Thank you for the amazing novel! I was a little nervous about taking in another treatment of the climate change issue, but you did so well with this that I've grabbed up Mr. Robinson's California series as well.

I came to Mr. Robinson's books via the Mars trilogy, then Red Moon, and have always liked the treatment of political and scientific issues in those: the tensions, the pressures, etc. This book was a completely different book and one I feel I can take part in.

Here's my LinkedIn. I put this here to show that I have the skill, experience, and predilection for this particular task. I have already done plenty of cryptocurrency work, but more importantly, pure cryptographical work in this area. I releasing an offline first verifiable data protocol written with friends and see a lot of possibilities with the idea of p2p networks moving at the speed of snail mail some days.
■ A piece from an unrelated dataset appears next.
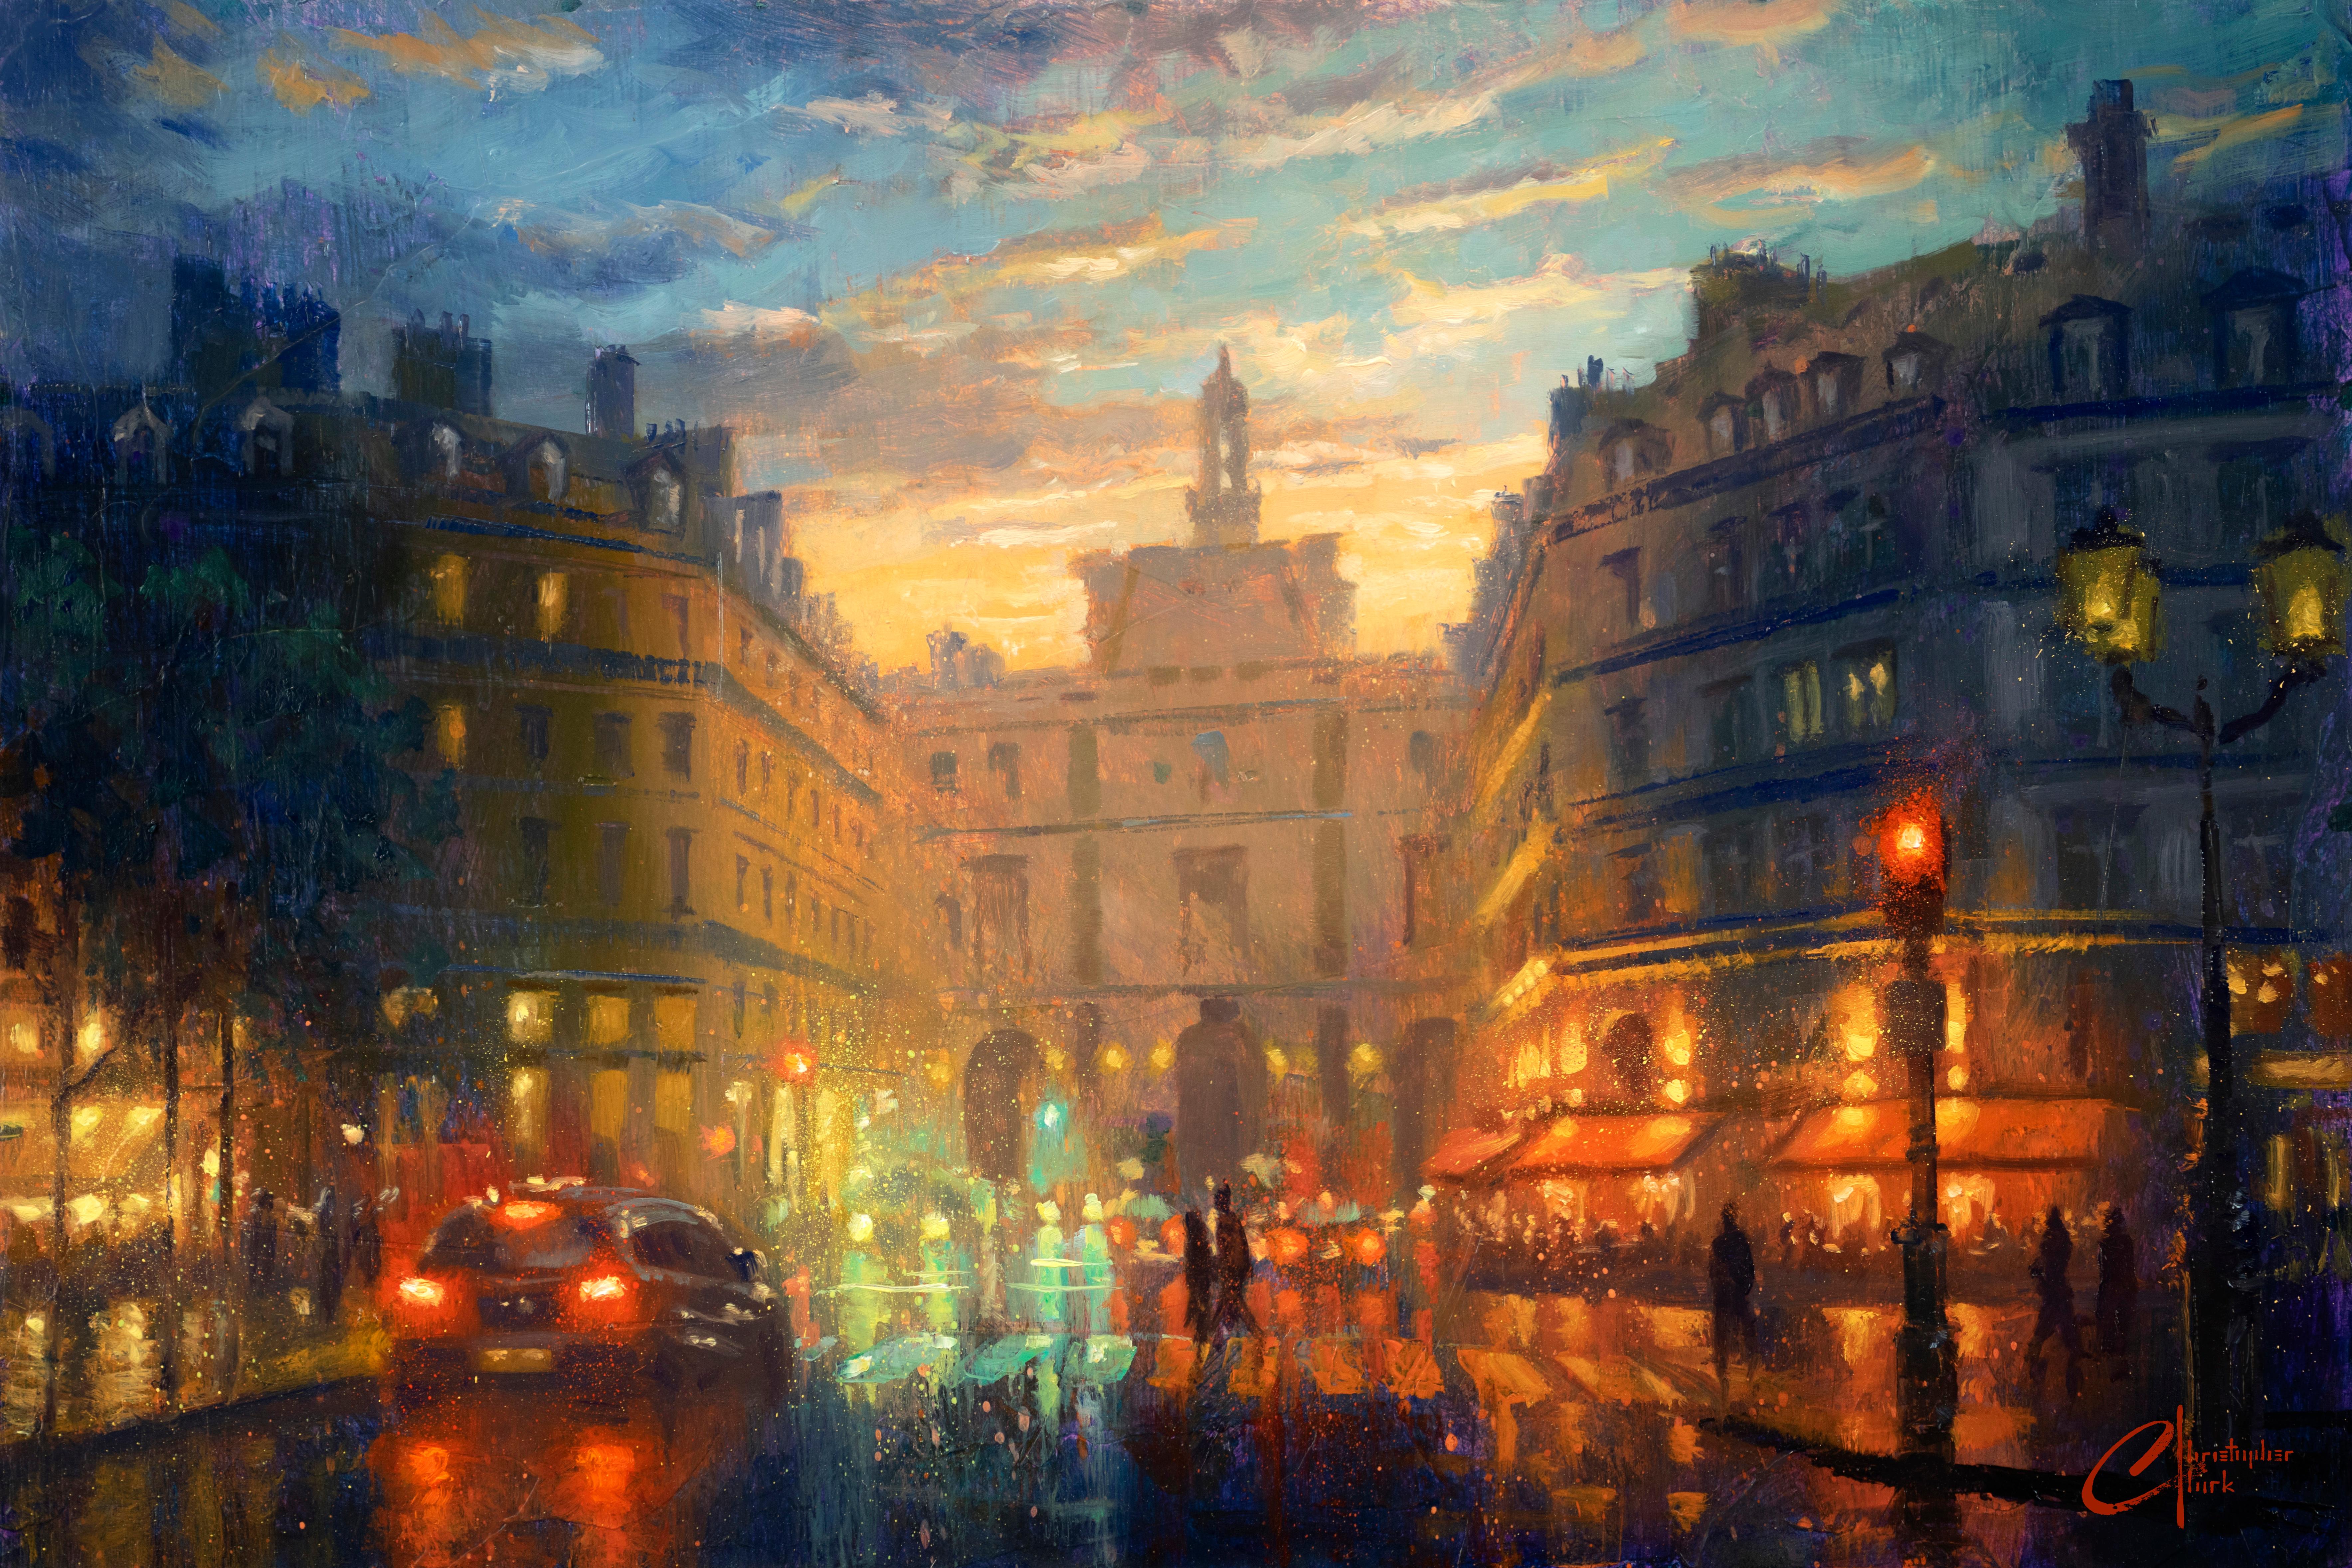 Christopher Clark Landscape Painting - "Paris, Hotel du Louvre" Oil Painting
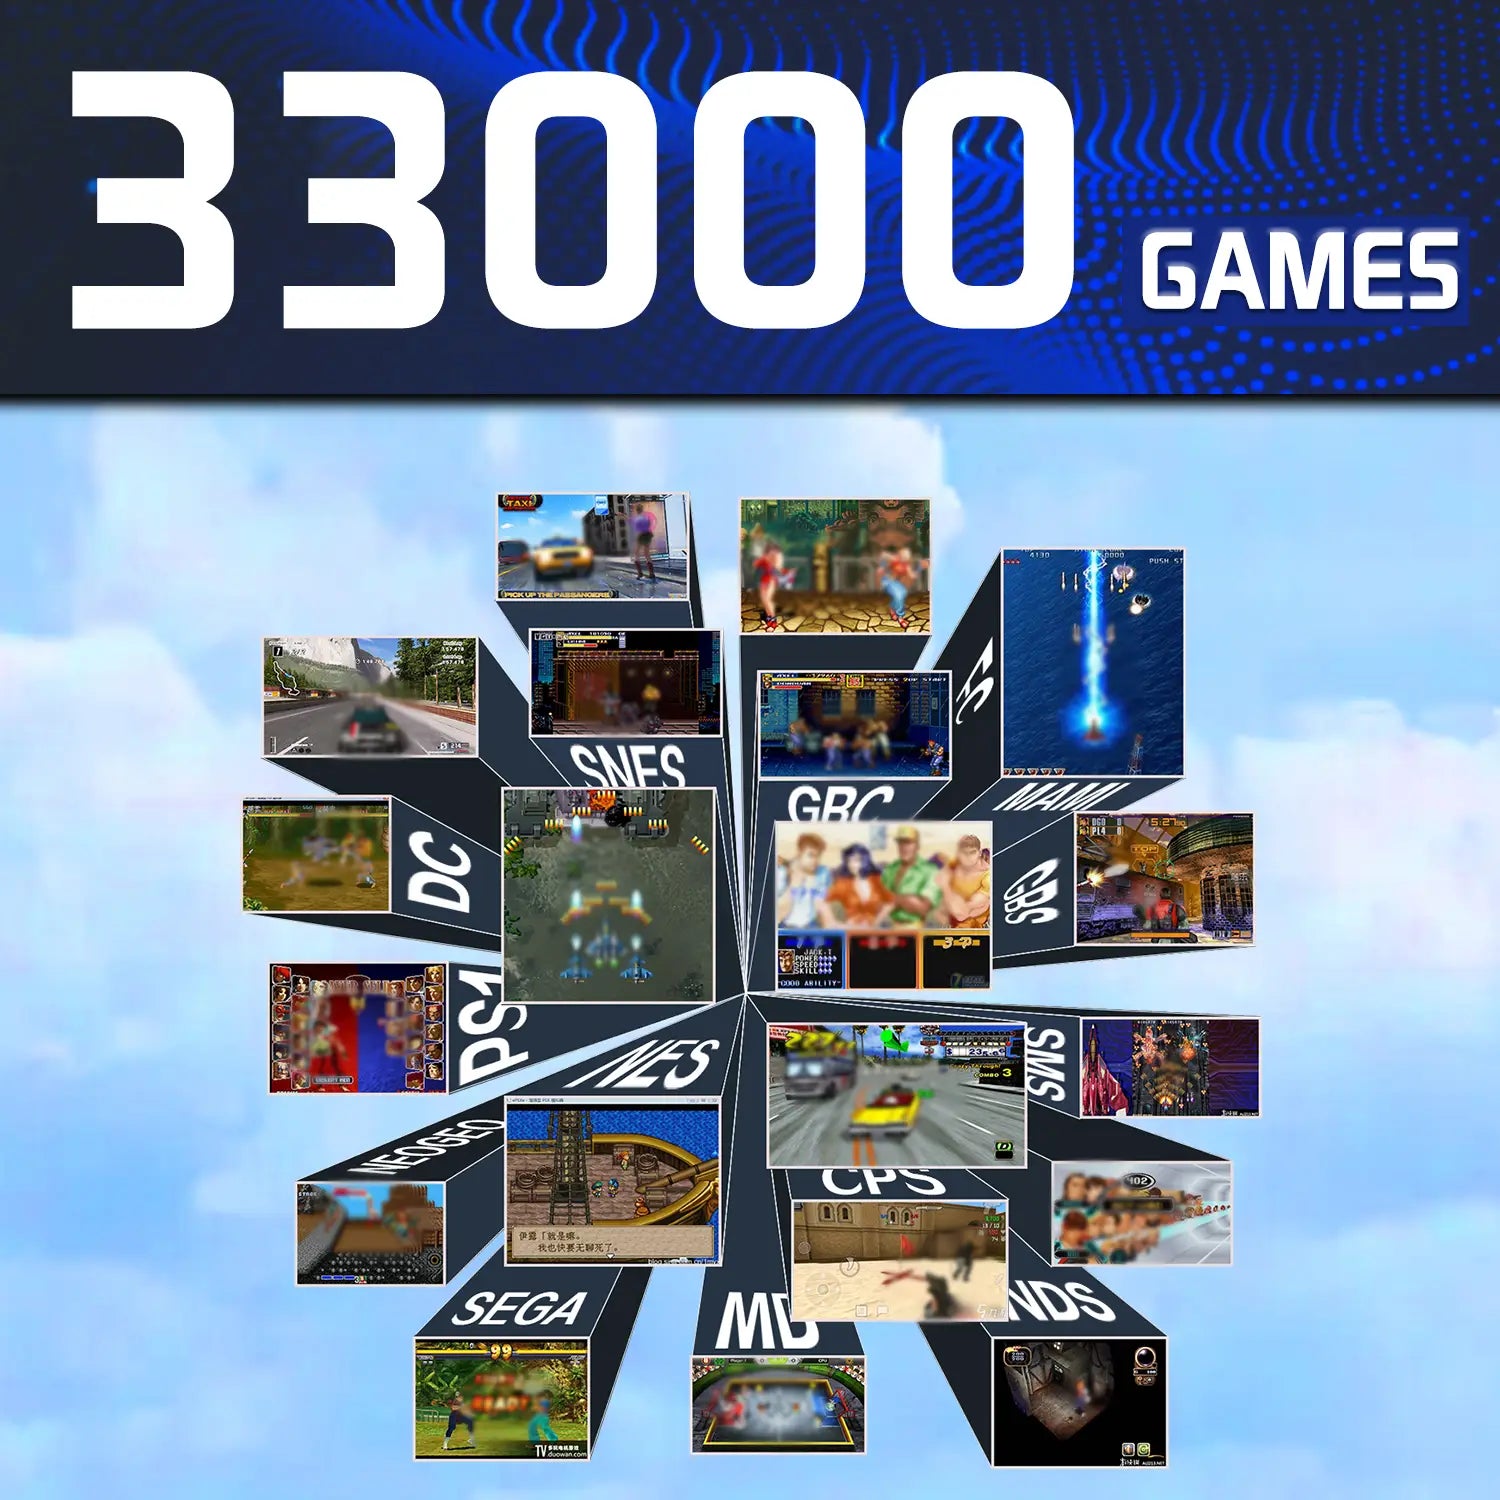 Console de jeu vidéo 4K avec émulateur 33000 Jeux

If you're interested in our work check out the Pigeon Protocol Consortium Spec.

The main reason I'm writing is that I believe in the world-changing power of decoupling and recoupling of various technologies, first as decentralized versions of people gaining abilities only afforded the wealthy and powerful before, then as a centralized version that aims for better ends as a society of trust. The Ministry of the Future reinvigorated that drive in me and I want to take part in the scientific efforts that this would mean.

As you can see, I already lean towards distributed computation, structures of trusts, and verifiable communication in an unverifiable world. I also am very socially minded, having been a mentor most of my life and experimented with several ways of moving beyond profit-driven capitalism. Your book showed me that profit could be trained toward a motivator for good as much as authorities can be directed towards supporting the right causes to keep their place in life. That's got me more thinking.

I've designed and have taken part in various projects to make social actions measurable and tradable: time banking, local coins, et al. I'm starting to wonder if a Service Coin would be a good idea. Not one that is decentralized in totality like BTC or Ether, but more in line with Facebook's Diem architecture has. I'm thinking of the charities and workplaces being validators of effort by running validation nodes, sharing the valid chains with each other in mutual trust with asymmetrical keys exchanges instead of proofs pushed forward for untrusted environments. This can immediately speed up chain propagation and insure markets that trade such coins that there is some stability to the coin. In addition to that, if it were tied to treasury bonds of some other federal instrument, it could become a stable coin that ensures that work done as a service to our communities, increases the stability and value of our country.

I would like to hear your thoughts, Mr. Robinson, on such a venture before I flesh it out more. Where can this be made stronger? More useful? What can go wrong? How to avoid that? Be frank, I can take it.